On April 7, 2020, the Centers for Disease Control and Prevention issued new guidance for outpatient and ambulatory care. While you should read the full guidance, Outpatient and Ambulatory Care Settings: Responding to Community Transmission of COVID-19 in the United States, some of the highlights are:
- Delay elective ambulatory provider visits. You should weigh the risks of postponement against the benefits (e.g. can you safely postpone prevention services that cannot be performed virtually such as routine adult immunizations, lipid screenings and cancer screenings). You do not want to put your patients to unnecessary risk, and you should consider the need to preserve staff, PPE and medical supplies.
- Utilize telemedicine if possible. Telemedicine visits should be covered by payors. Medicare will pay for telehealth services for all patients in settings for all diagnoses at the same rate as in-office visits during the emergency period. Office-based physicians should use their usual place-of-service (POS) code and include modifier 95. You may want to check with insurers to see if they will be following Medicare’s lead.
- Train your personnel to conduct telephone interactions with patients, both for screening and responding to patient questions.
- Develop protocols so that your personnel can triage and assess patients prior to entering the facility or immediately upon entering.
- If possible, speak with patients before they present in your office to identify patients with respiratory symptoms that may be due to COVID-19. If patients can be managed at home by telephone, advise them to stay home and provide guidance as to how they should monitor their condition, how they can safely isolate at home, and the risks of transmission. Consider daily check-ins with the patient.
- Develop protocols and train your personnel to safely triage and manage patients with respiratory illness consistent with CDC infection prevention and control guidance.
- Monitor your personnel to assure they are and remain healthy. Sick leave policies should be non-punitive and flexible to allow personnel to stay home and require them to stay at home when they are ill. Follow the CDC guidance on work restrictions and monitoring. See, Interim U.S. Guidance for Risk Assessment in a Healthcare Setting to Patients with COVID-19.
- You do not need a return to work clearance from a physician before allowing personnel to return to work.
- Develop protocols for personnel to follow each day before reporting to work to determine if they have any signs of illness (e.g. do they have a temperature?). Personnel exhibiting symptoms should discuss their condition with their supervisor and a physician.
- Consider screening staff for signs of illness when they first arrive at work as a double check.
- Plan for absences.
- Eliminate no-show patient charges.
- Post signs advising those showing signs of illness to remain outside and those at high risk (e.g. the elderly and those with medical co-morbidities) to call to determine if a telephone visit would be appropriate and, if not, to stay outside until they can be safely escorted in.
- Masks should be provided.
- Social distancing should be possible and enforced.
- Make sure you have sufficient personal protection equipment for all.
- Disinfect constantly.
The message here is that you do not have to close your office and stop practicing.
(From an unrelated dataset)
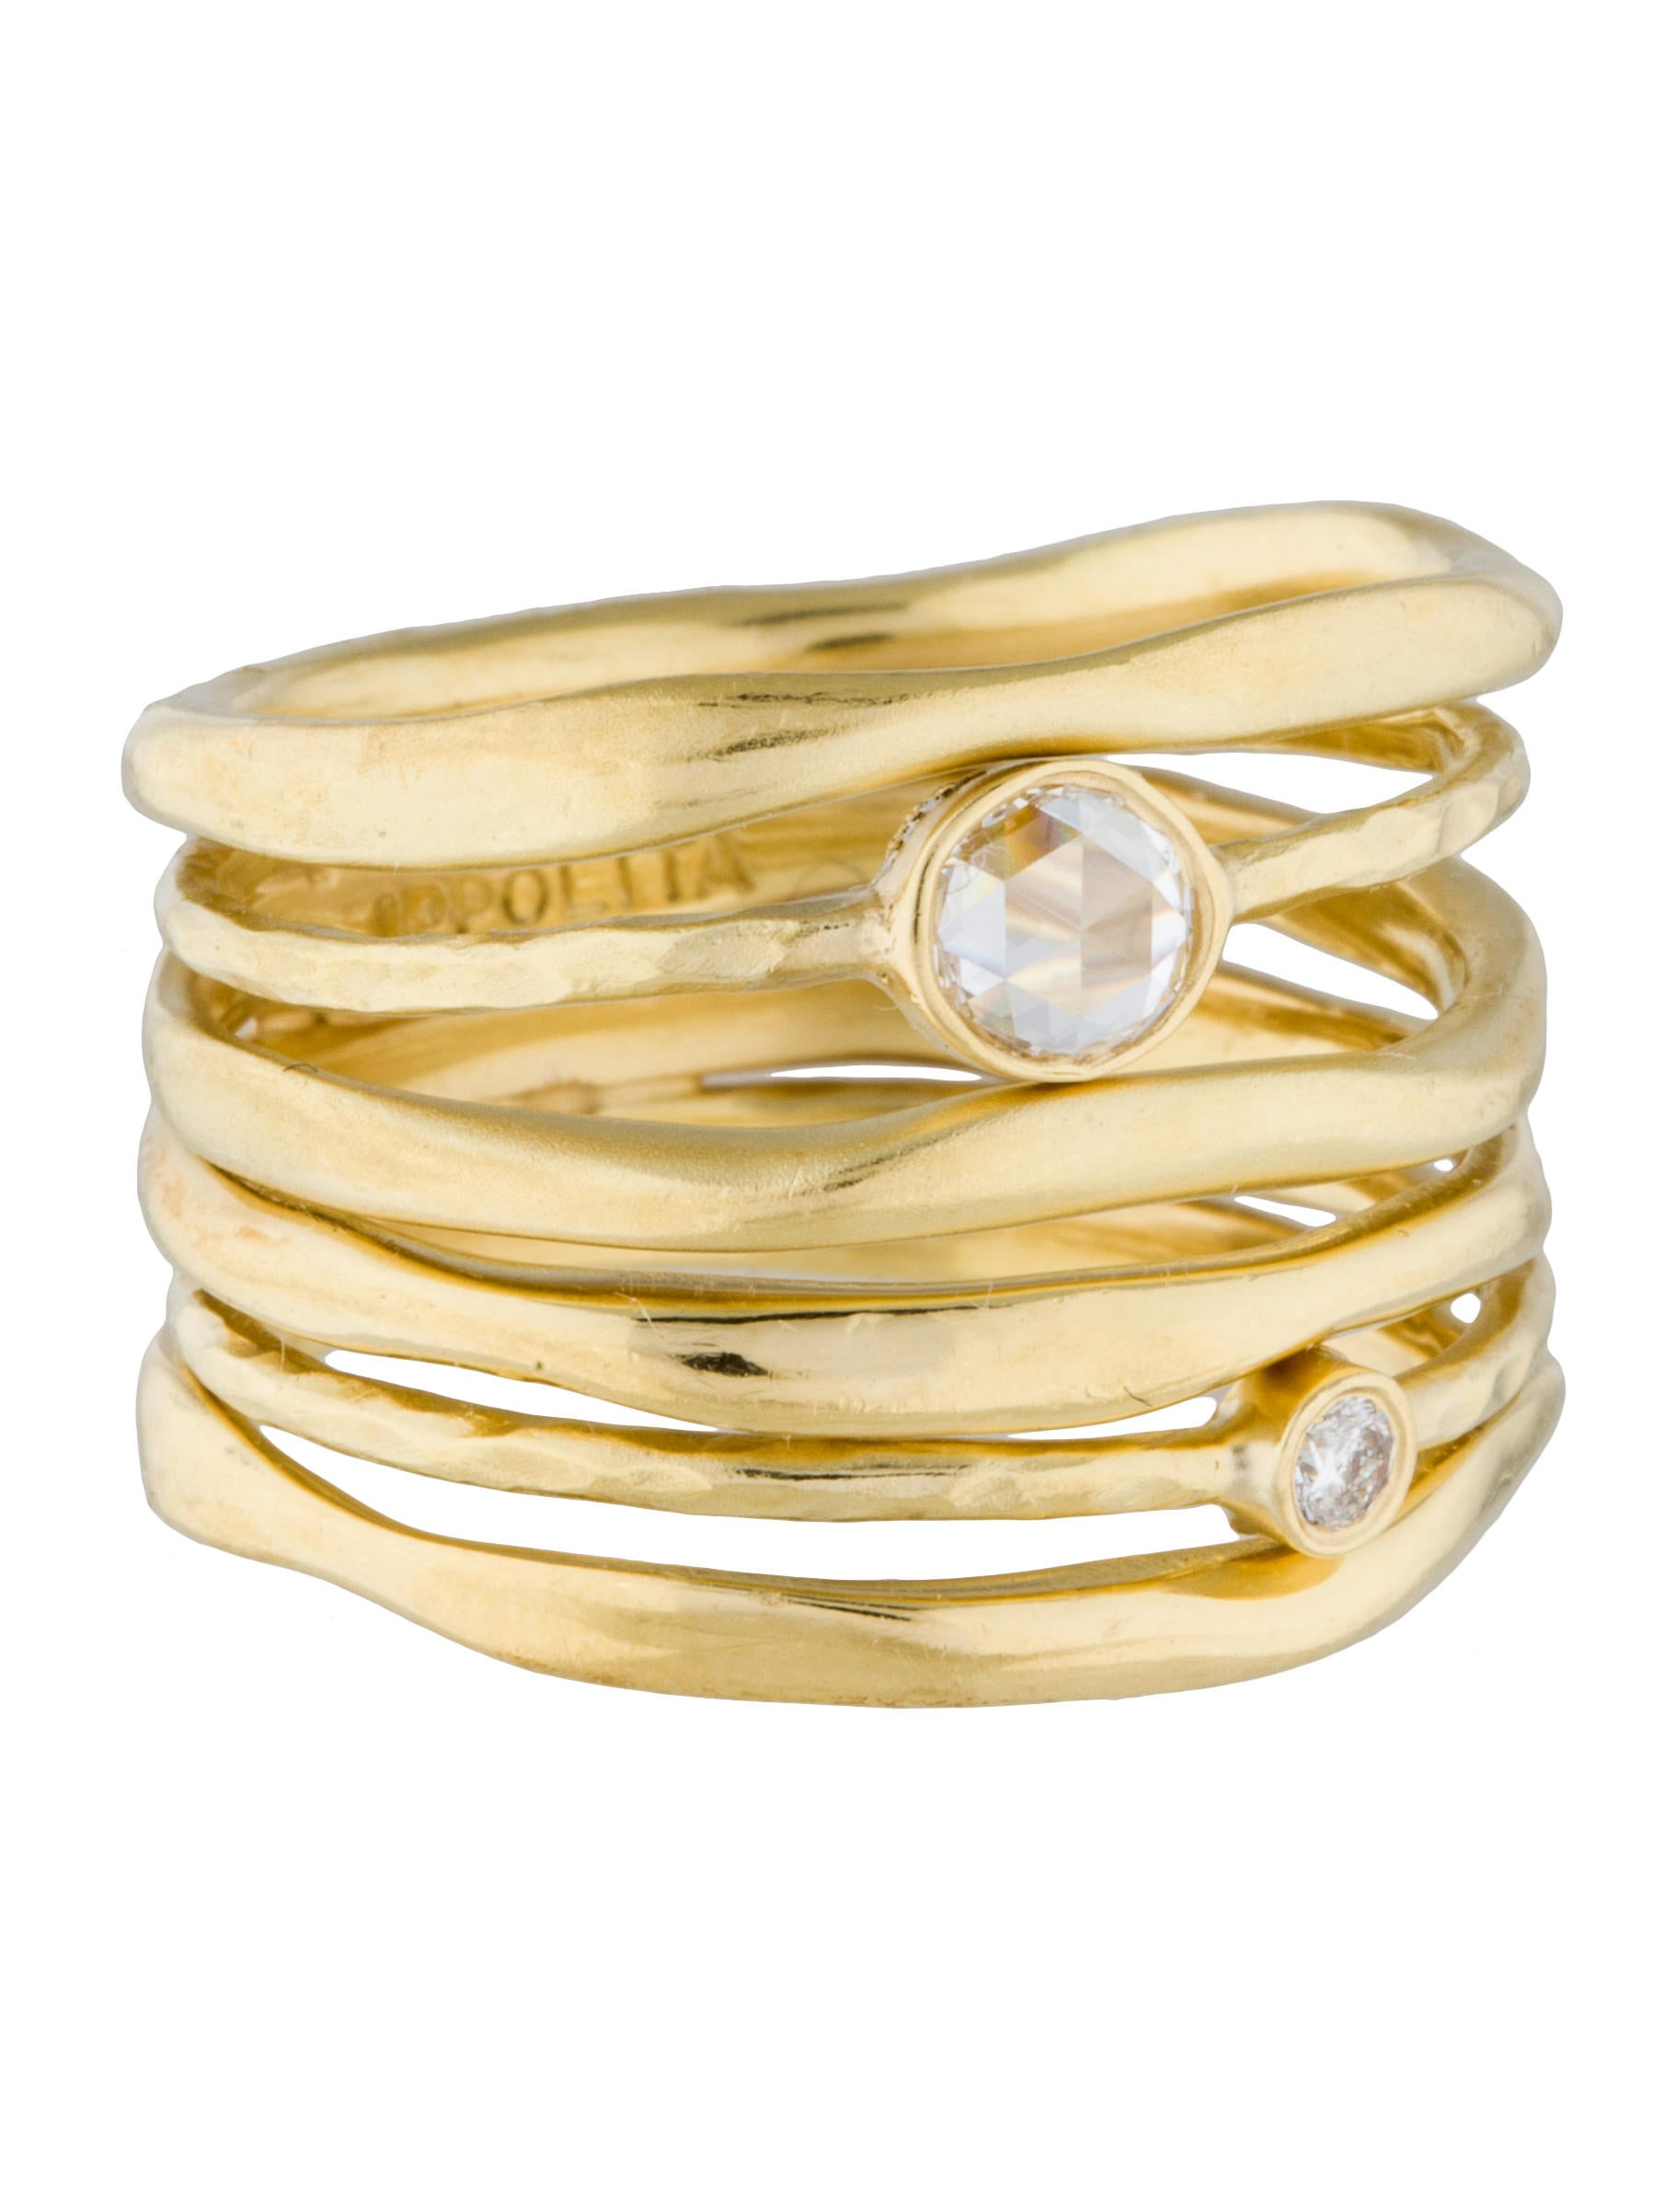 Ippolita Diamond Movie Star Stacked Ring  Rings. Periwinkle Rings. Starcraft Rings. Detailed Band Engagement Rings. 18ct Wedding Rings. Vape Rings. Gia Wedding Rings. Mountain Wedding Rings. Pansy Rings
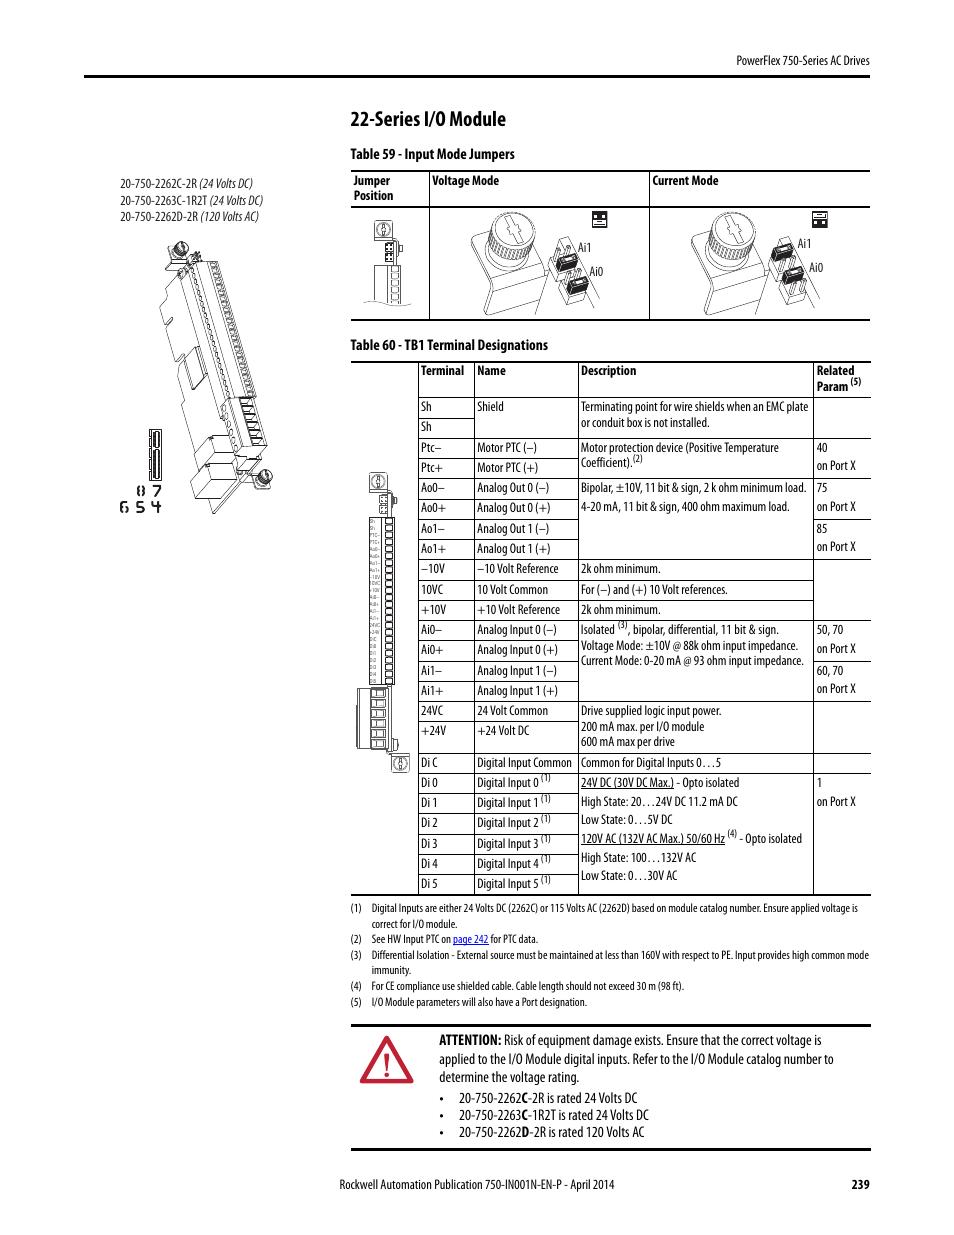 terex hd1000 wiring diagram

You are an essential business providing an essential service and patients need you to provide necessary care. Stay-at-home orders generally allow patients to see a health care provider because health care is an essential service. Depending upon the state you are in, you may need to cancel or reschedule non-essential medical care (e.g. eye exams, teeth cleaning and elective procedures) but essential medical care – to address illness and injury or relieve pain and suffering - may be offered and performed. Patients are not required to suffer during the crisis.